3. Updated properties for GJ 1214

3.1. Metallicity

Two independent techniques, the photometric method by Schlaufman & Laughlin (2010) and the K-band spectroscopic [Fe/H] index by Rojas-Ayala et al. (2012), agree on the metal-richness of GJ 1214, with [Fe/H] = +0.28 dex and [Fe/H] = +0.20 dex, respectively. However, since the [Fe/H] photometric calibrations depend on the distance of the star (to obtain M_Ks), the photometric value of GJ 1214 needs to be re-calculated using its updated distance. The updated absolute magnitudes are given in Table 5. The updated photometric [Fe/H] values are [Fe/H] = +0.13 dex and [Fe/H] = +0.05 dex, using the Schlaufman & Laughlin (2010) calibration and the recent calibration by Neves et al. (2012), respectively. Considering the dispersions associated with the calibrations (σ0.1–0.15 dex), the estimates are consistent with each other, corroborating that GJ 1214 is a solar or super-solar [Fe/H] star.

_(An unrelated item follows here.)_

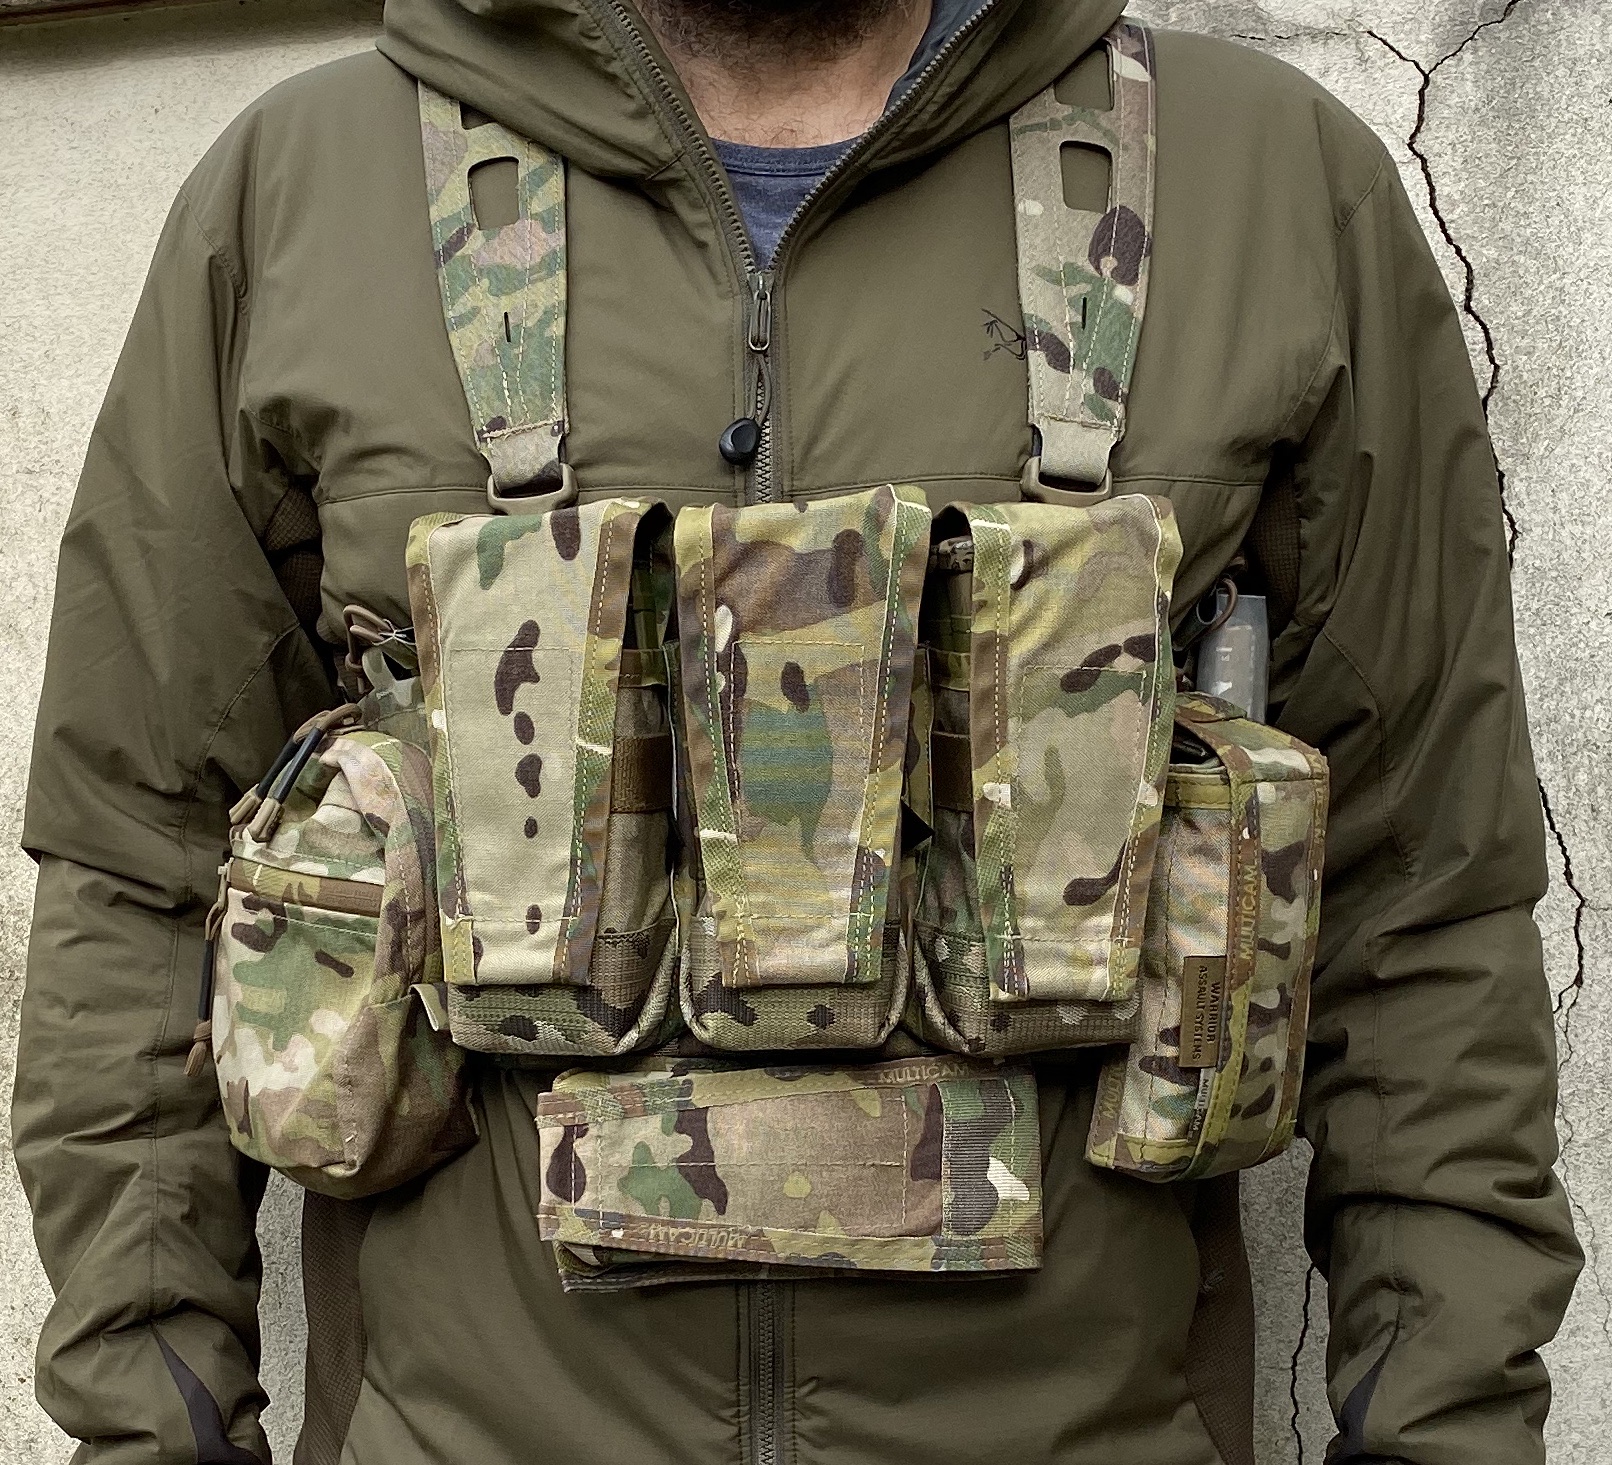 REVIEW: Crye Precision Airlite Convertible Chest Rig – Part 1

A comparative approach can also be performed to confirm the metal-richness of GJ 1214. Figure 4 shows the K-band spectra of Gl 699 (Barnard’s star), Gl 231.1B, and GJ1214⁴. Gl 699 is the second nearest M star to the solar system and its kinematics, H_α activity, and [Fe/H] measurements are consistent with Gl 699 being an old disk/halo star (Gizis 1997; Rojas-Ayala et al. 2012). Gl 231.1B is the low-mass companion of a nearly solar metallicity G0V star ([Fe/H] = –0.04 dex, Valenti & Fischer 2005). The overall shapes of the K-band spectra of all three stars are quite similar (same spectral type), and the morphology of the surface-gravity-sensitive CO bands corresponds to M dwarf stars (log g ~ 5). However, all the absorption features of GJ 1214 are stronger than the ones exhibited by metal-poor Gl 699 ([Fe/H] = –0.39 dex, Rojas-Ayala et al. 2012) and solar metallicity Gl 231.1B. Therefore, also in a relative sense, the strong absorption features favor a high metal content for GJ 1214.

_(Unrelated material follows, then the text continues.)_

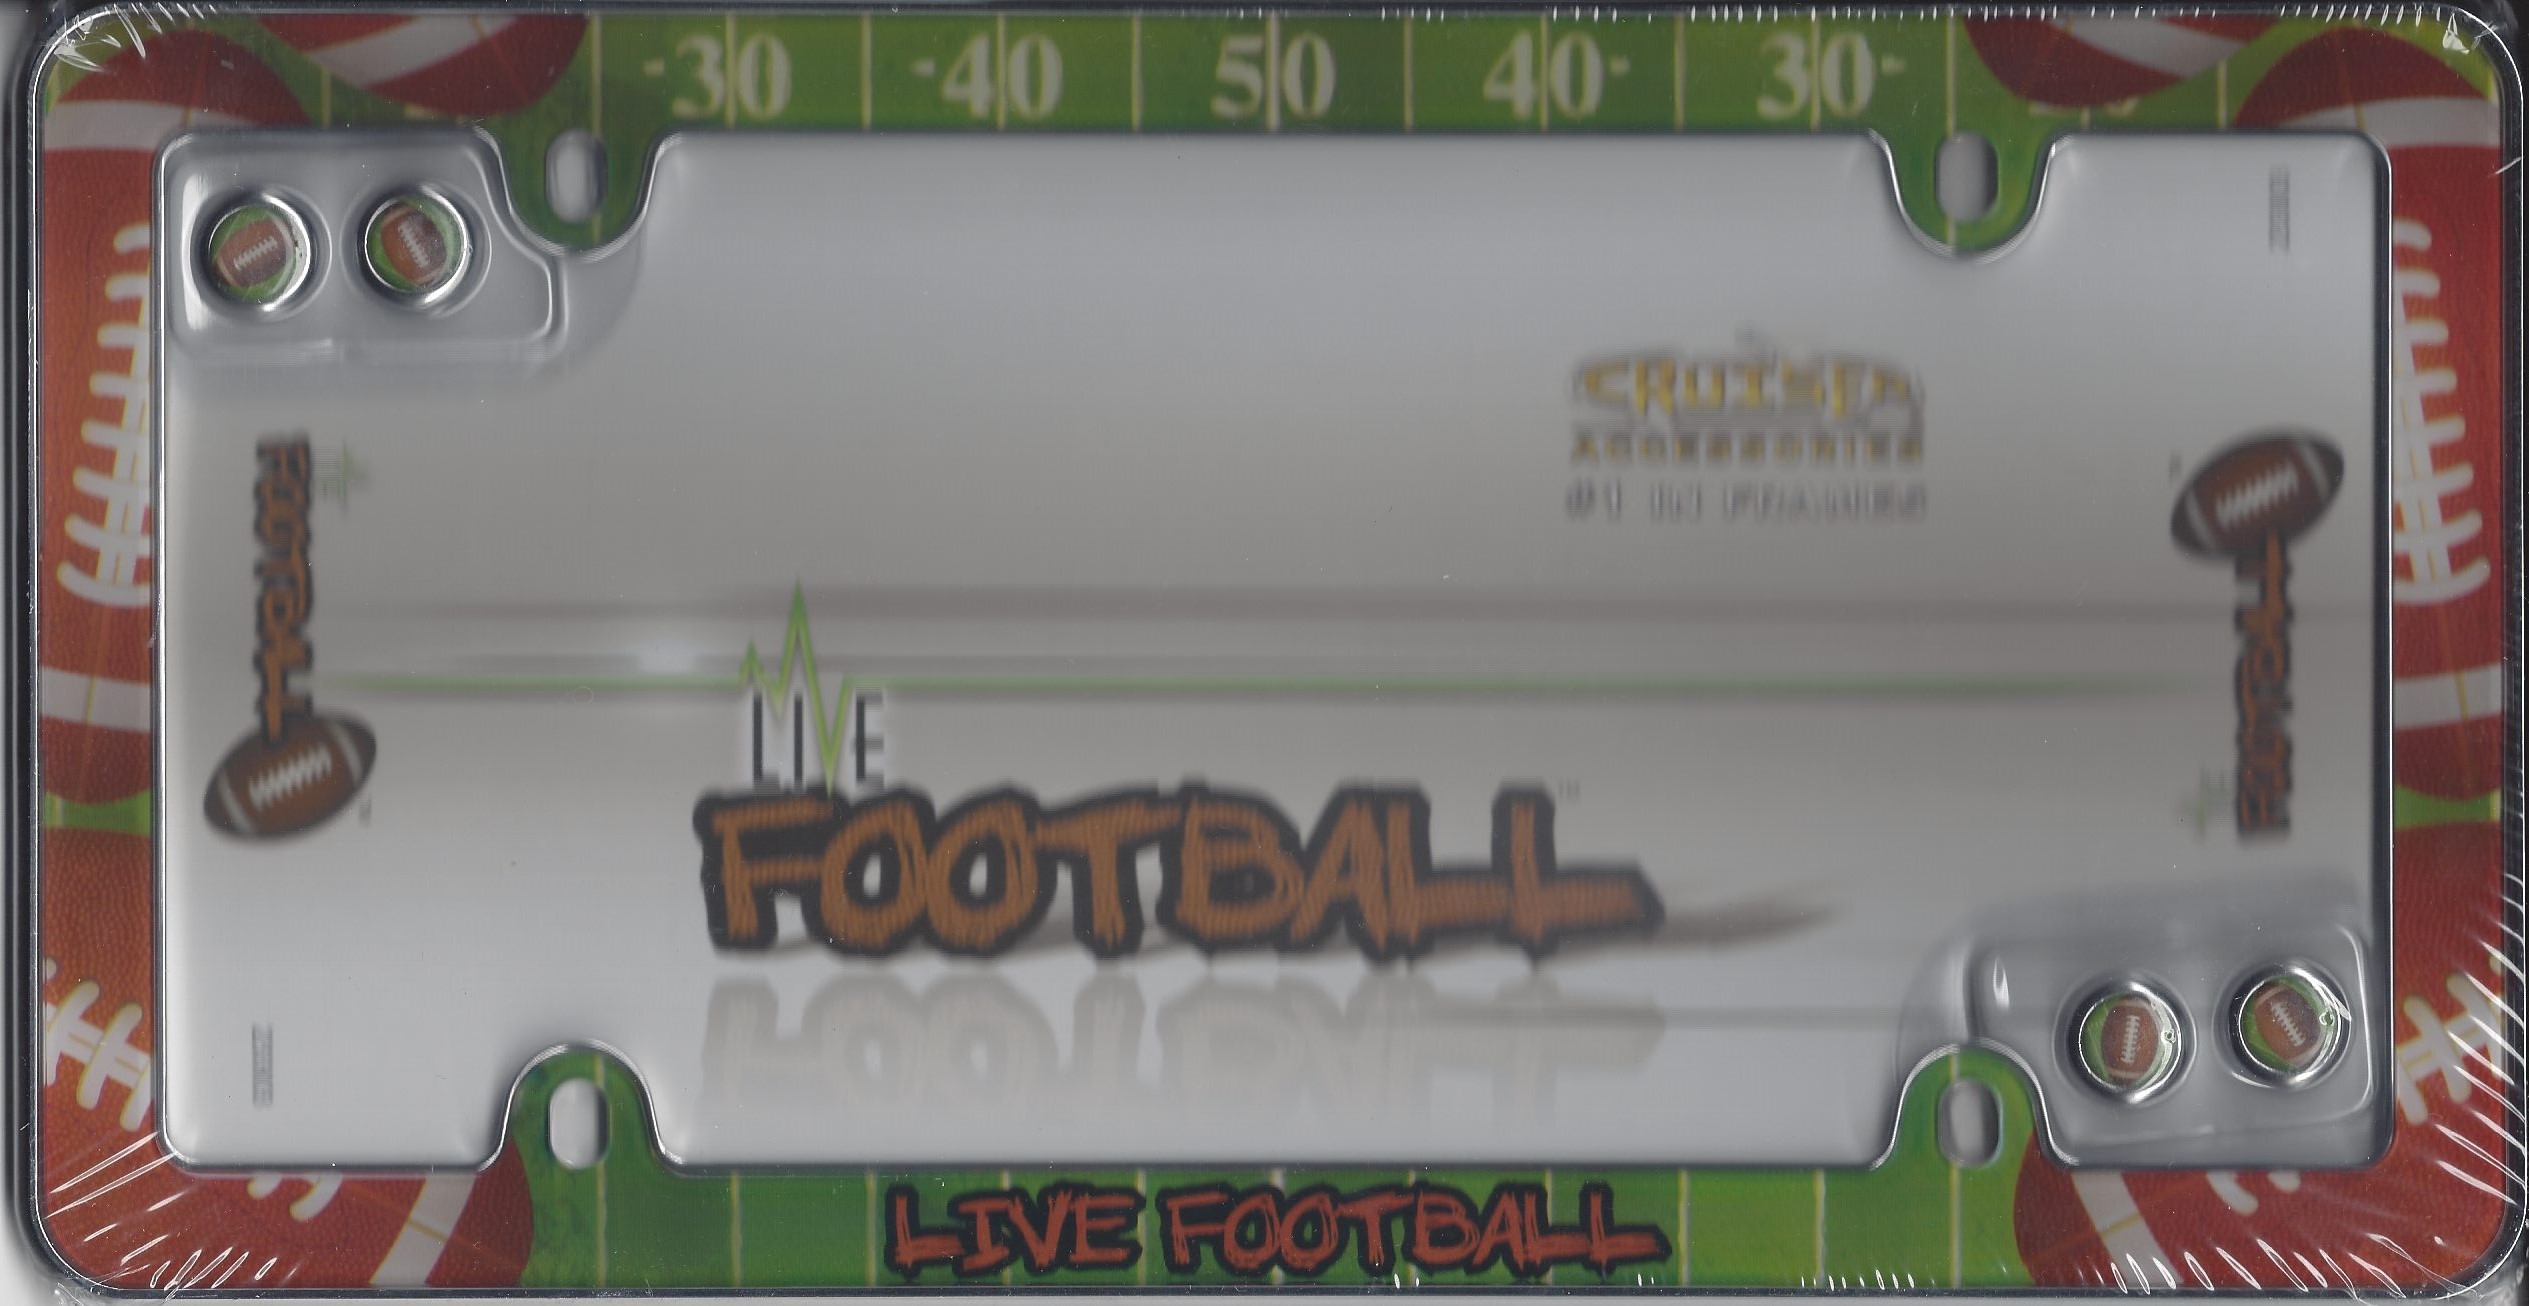 FOOTBALL Plastic License Plate Frame  Free Screw Caps with this Frame

3.2. Stellar temperature, luminosity, and radius from models

We first provide an overview of previous methods and determinations of the temperature, luminosity, and radius of GJ 1214. In the discovery paper of GJ1214b, (Charbonneau et al. 2009) estimated a T_eff = 3026 K and a R_⋆ = 0.211  R_⊙ for GJ 1214. Kundurthy et al. (2011) obtained T_eff = 2949 K and R_⋆ = 0.211  R_⊙. Constraining parameters to stellar evolution isochrones by Baraffe et al. (1998), Carter et al. (2011) led to estimates of T_eff = 3170 K and R_⋆ = 0.179  R_⊙, assuming that GJ 1214 is an “old star”. However, all these results were based on the distance determination of ~13 pc by van Altena et al. (2001), and reveal that the effective temperature of GJ 1214 is quite uncertain, given all the degeneracies in the evolutionary model used and a low precision distance estimate.

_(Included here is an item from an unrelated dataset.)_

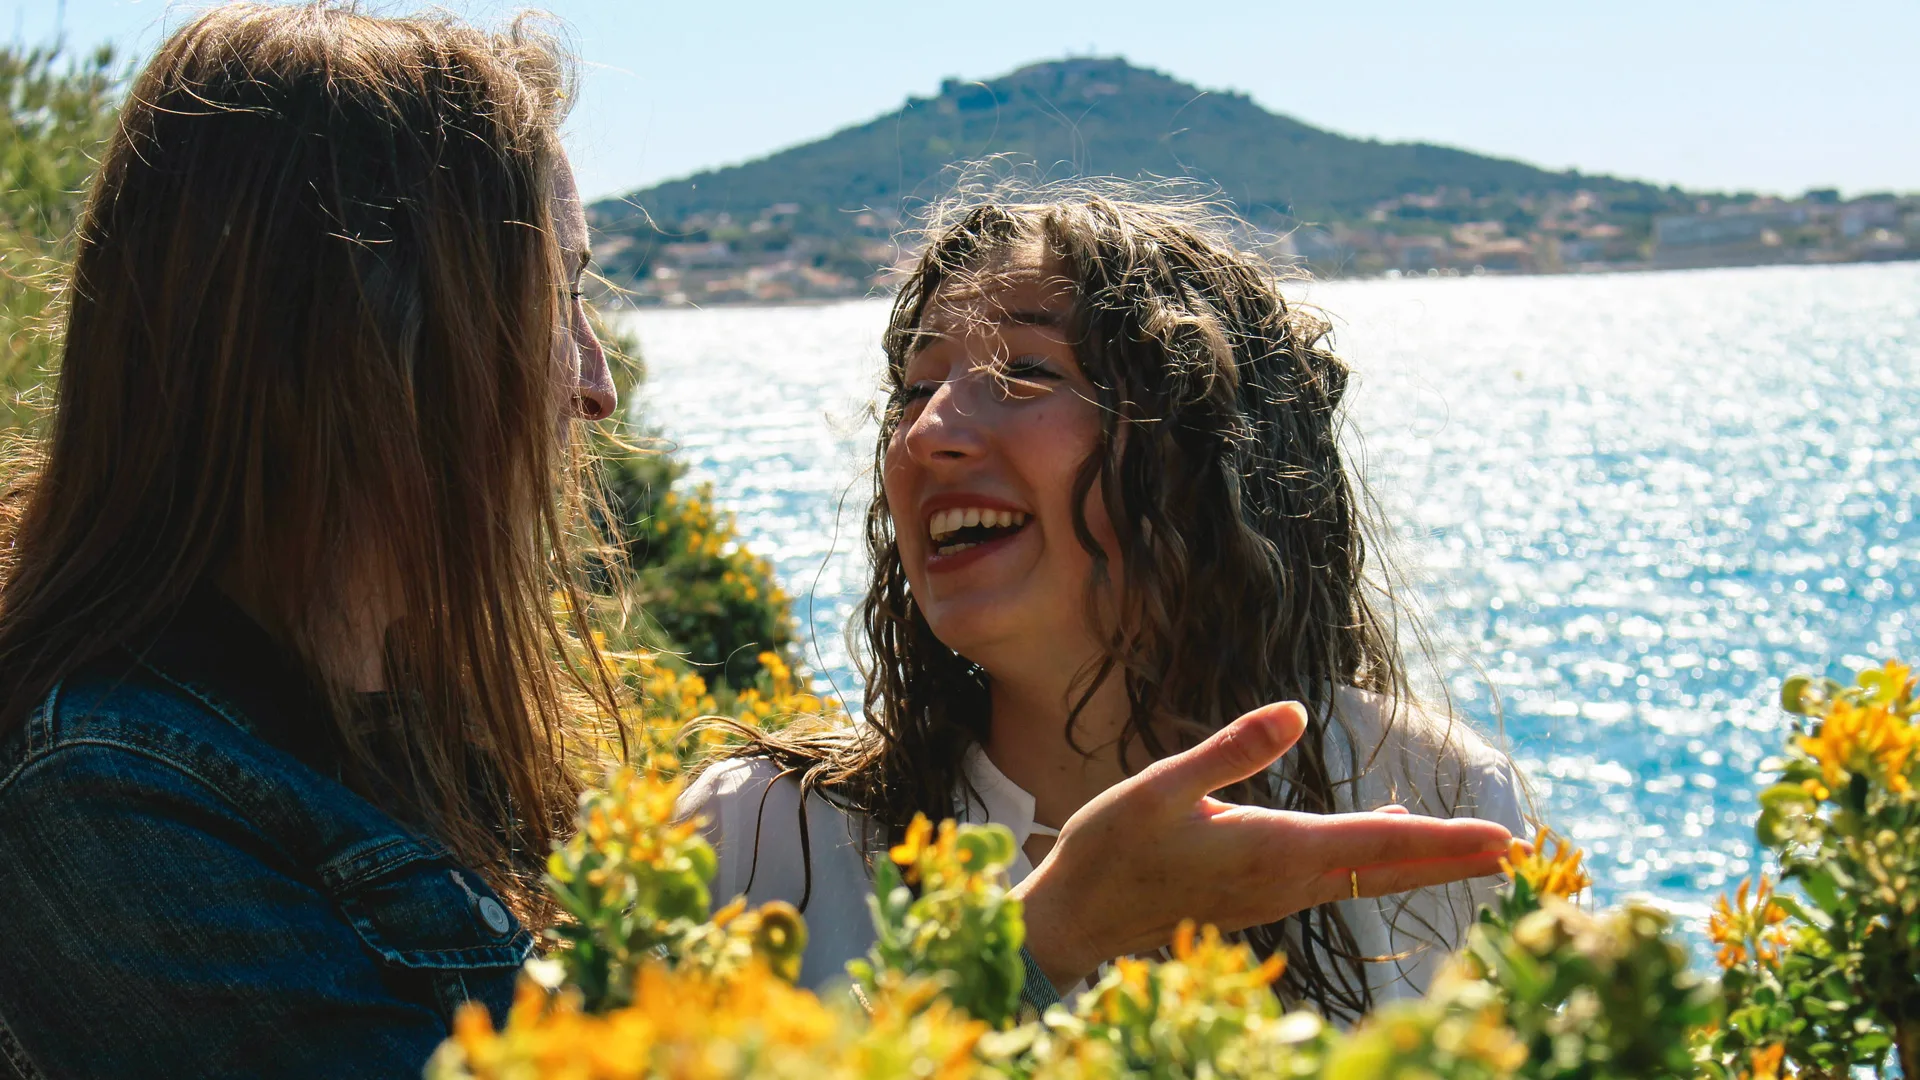 A photograph of two women laughing in conversation in front of yellow flowers against a lake and mountain background

We attempted to get an estimate of the stellar radius using up-to-date interferometric empirical calibrations. For example, Kervella et al. (2004) provides an empirical luminosity-radius calibration that extends to low mass stars and uses absolute magnitudes as the only inputs. We tried different combinations of photometric bands obtaining inconsistent results. All the relations involving optical bands (BVRI) gave values larger than 0.4 R_⊙, which are very unrealistic considering the spectral type of GJ 1214. The relations restricted to infrared colors (J,H, and K) provided estimates a bit more realistic (between 0.15 to 0.2 R_⊙) but still not fully compatible with each other. We also tried the calibration provided by Demory et al. (2009) that used K band photometry to minimize the metallicity effect on optical magnitudes. In Demory et al. (2009), new measurements of 6 new M dwarfs were presented and a new radius-luminosity calibration was derived. They found a remarkable agreement with the evolutionary models of Baraffe et al. (1998) if the measured radii was plotted against the K absolute magnitude. Using this approach, we obtain a stellar radius of 0.193 R_⊙ which, at least, seems to be in the expected range.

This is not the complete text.